A specific, somewhat under-discussed technique worth knowing: asking an AI tool directly to critique or improve a prompt you're about to use, before actually submitting it for the real task, tends to catch vagueness, missing context, and ambiguity that's genuinely hard to notice in your own writing, for the same reason a second pair of eyes generally catches more issues in a piece of writing than the original author reviewing it alone.
For another practical perspective on prompt structure and iteration, Anthropic prompt engineering overview is useful further reading.
Why this works, mechanically
The model evaluating a prompt for clarity and specificity is drawing on the same underlying training that makes it good at evaluating any piece of writing for those qualities — it's not doing anything categorically different from critiquing a paragraph of prose, just applied to a prompt specifically. This means the technique inherits the general strengths and limitations discussed throughout this site's Writing section: genuinely useful for surfacing structural and clarity issues, and, as with any AI-generated suggestion, worth applying your own judgment to rather than accepting uncritically.
A concrete way to use this technique
Rather than simply asking “is this a good prompt,” which invites a vague, generically positive response, a more useful version asks specifically: what's ambiguous or could be interpreted multiple ways in this prompt, what context is missing that would help produce a better response, and what's the single change most likely to improve the result. This mirrors the specificity principle discussed elsewhere in this section — a specific question about the prompt gets a more useful answer than a vague one, the same way a specific request for the actual task does.
As this kind of work becomes a repeatable team process, a practical overview can provide additional operational context for time, workload, and delivery decisions.
- Ask a model to critique a prompt for specific issues (ambiguity, missing context) before using it for the real task, rather than a vague general “is this good” question.
- Apply the same critical judgment to a suggested prompt improvement that you'd apply to any other AI-generated suggestion — useful as a starting point, not automatically correct.
- This technique is particularly useful for a prompt you'll reuse repeatedly, connecting to the prompt-templates guide elsewhere in this section, since the upfront investment in getting it right pays off across every future use.

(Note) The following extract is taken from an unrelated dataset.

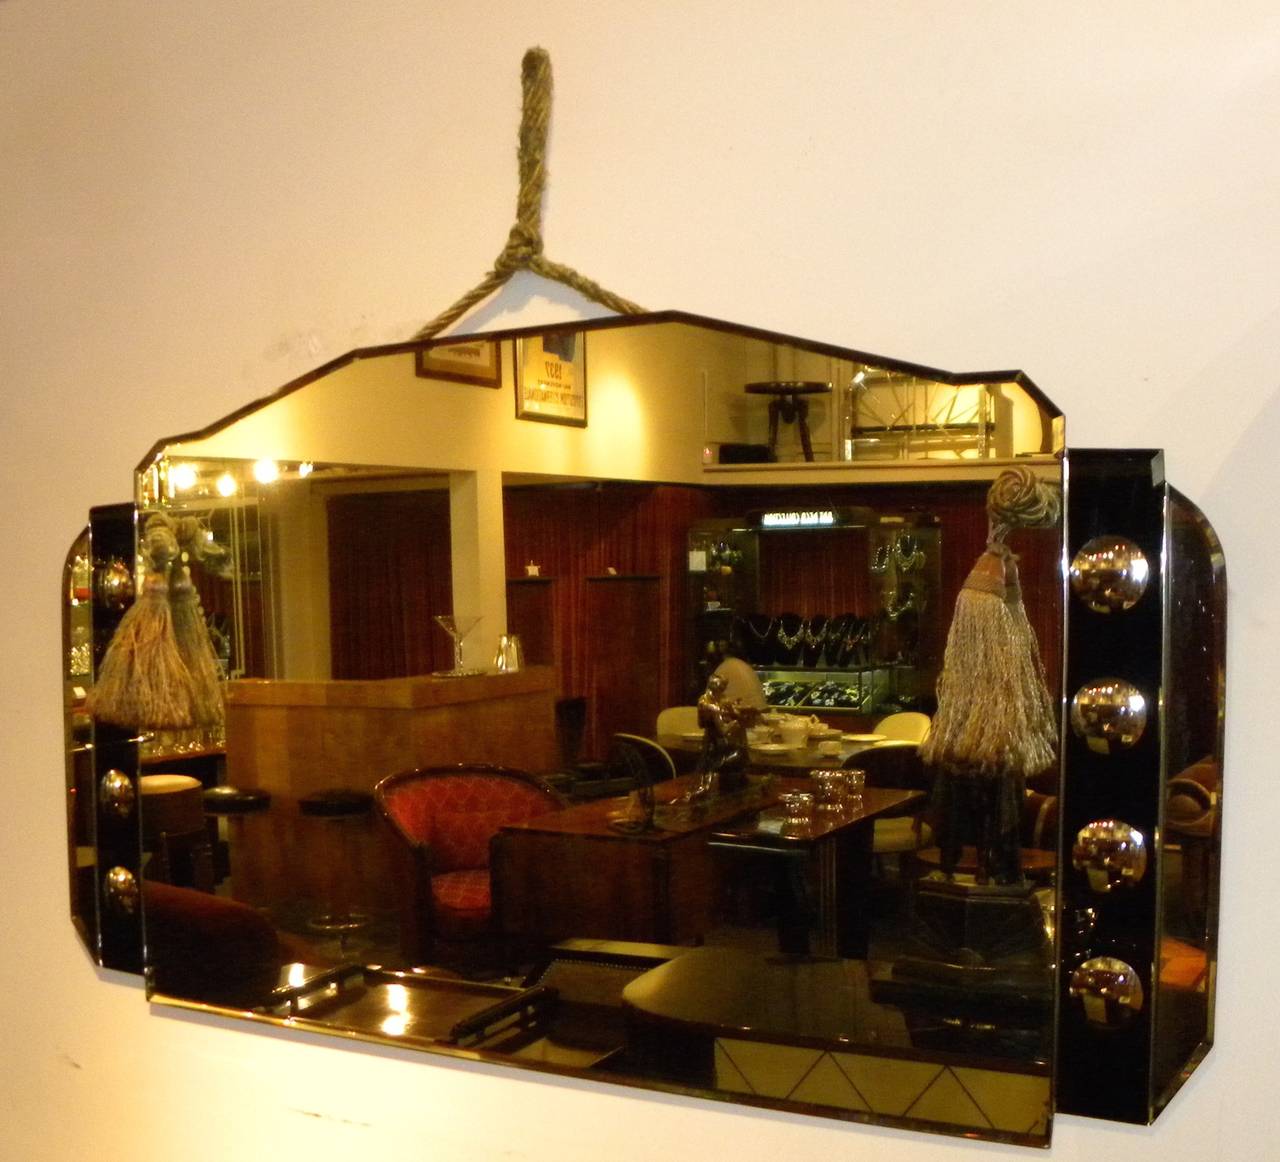 Beautiful Art Deco mirror with beveled edges, cut-out edges, circle designs and black glass. Original piece with original hanging period tasseled rope. Very dynamic style, would look great in a bathroom above a console or small piece of furniture.

- For a genuinely important, high-stakes use of a prompt, iterate on the prompt itself through a few rounds of this critique-and-revise process before committing to a final version.
- This is a specific, useful instance of a more general pattern worth remembering: AI tools can meaningfully help with the process of using AI tools well, not just with the underlying task itself.
- Don't over-rely on this technique for a quick, one-off, low-stakes prompt — the extra round-trip cost is worth paying specifically when prompt quality genuinely matters to the outcome, not for every casual request.
Why this is worth building into a regular habit, not just a one-off trick
For anyone building a library of reusable prompt templates, discussed in more detail elsewhere in this section, this critique-and-revise step is worth applying specifically during the template-building process — investing the extra effort once, when creating a template meant for repeated use, pays off across every future use of that template, which is a much better return on the extra effort than applying it inconsistently to one-off prompts.
This technique is a small, specific example of a broader theme worth taking from this whole section: getting good results from AI tools is itself a skill that can be deliberately improved, including by using the tools themselves as part of that improvement process.